Treasury 10-Year Note May Yield 2.827% at Auction, Survey Says

The Treasury’s $21 billion sale of 10-year notes may draw a yield of 2.827 percent, according to the average forecast in a Bloomberg News survey of seven of the Federal Reserve’s 21 primary dealers.

The securities, which mature in November 2023, yielded 2.820 percent in pre-auction trading. Bids are due by 1 p.m. New York time. The yield at the 10-year debt offering on Nov. 13 was 2.75 percent, after drawing 2.657 percent the previous month. The record-low auction yield was 1.459 percent in July 2012.

The bid-to-cover ratio, which gauges demand by comparing the amount bid with the amount offered, was 2.70 at last month’s sale, versus an average of 2.71 at the past 10 auctions.

Indirect bidders, a class of investors that includes foreign central banks, bought 47.7 percent of the notes at the November sale, versus 38.6 percent in October. The average at the past 10 offerings was 40.6 percent.

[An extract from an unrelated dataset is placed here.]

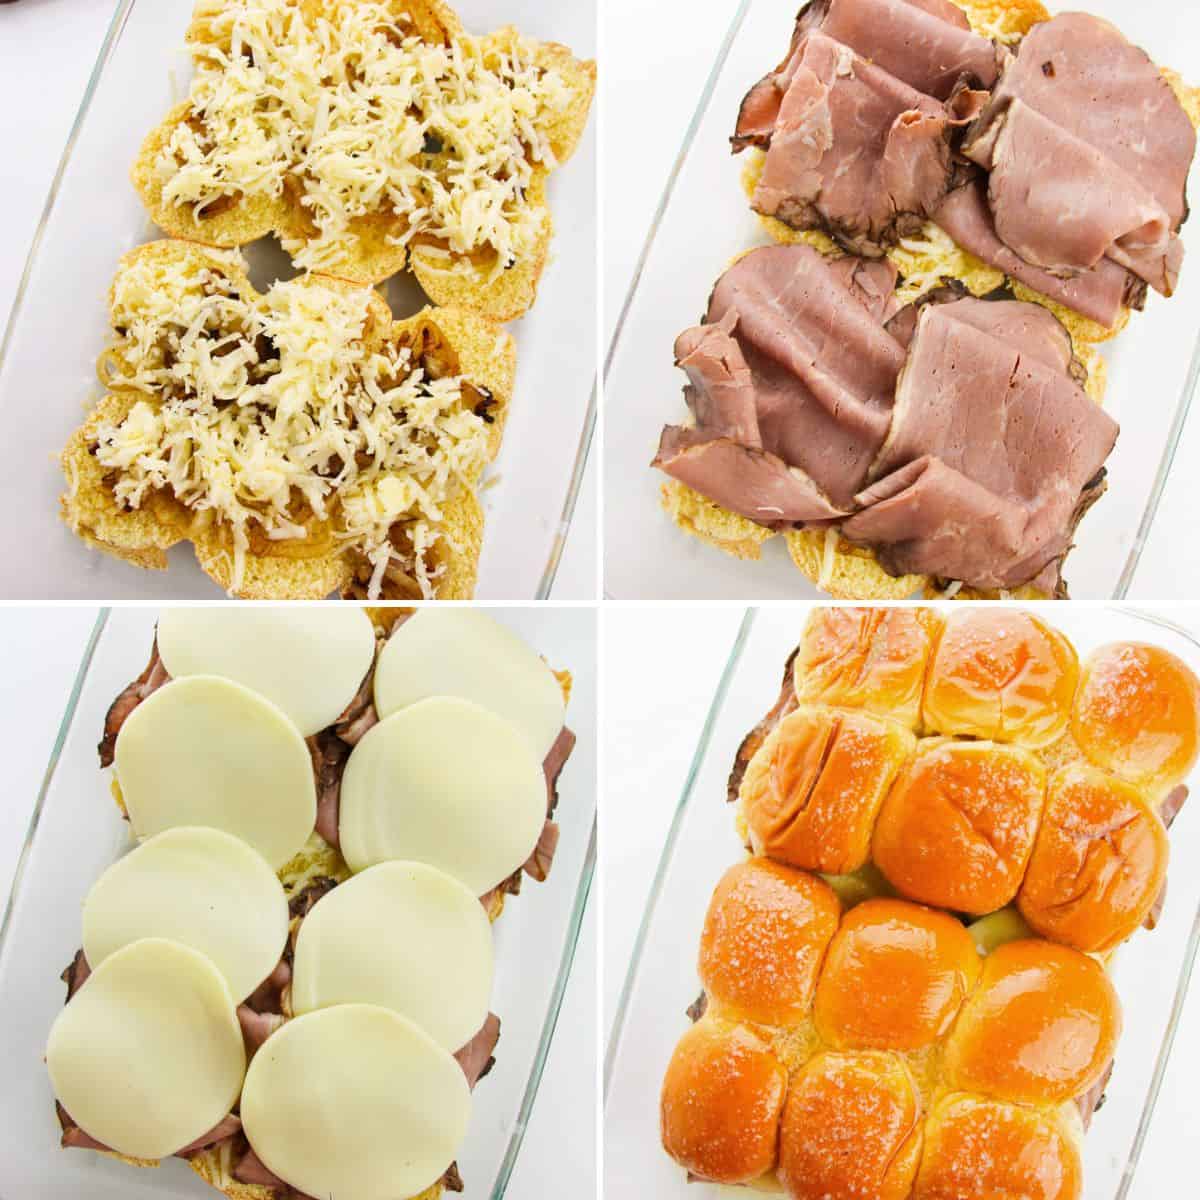 4 image collage of french dip slider assembly in a glass casserole dish. First caramelized onions and shredded swiss are added to the tops of the buns, then roast beef, next provolone cheese, and lastly the tops of the Hawaiian roll buns.

Direct bidders, non-primary-dealer investors that place their bids directly with the Treasury, purchased 18.6 percent of the securities at last month’s sale. The average for the past 10 auctions is 21.3 percent.

Ten-year notes have lost 6.3 percent this year, compared with a 2.5 percent decline in the broader U.S. Treasuries market, according to Bank of America Merrill Lynch indexes. The benchmark notes returned 4.2 percent in 2012, versus a 2.2 percent gain by Treasuries overall.

The offering is the second of three this week of notes and bonds. The U.S. sold $30 billion of three-year debt yesterday at a yield of 0.631 percent and will auction $13 billion of 30-year bonds tomorrow.

The sales will raise $31.5 billion of new cash, as maturing securities held by the public total $32.5 billion, according to the U.S. Treasury.

Primary dealers trade government securities with the Fed and are obliged to participate in Treasury sales.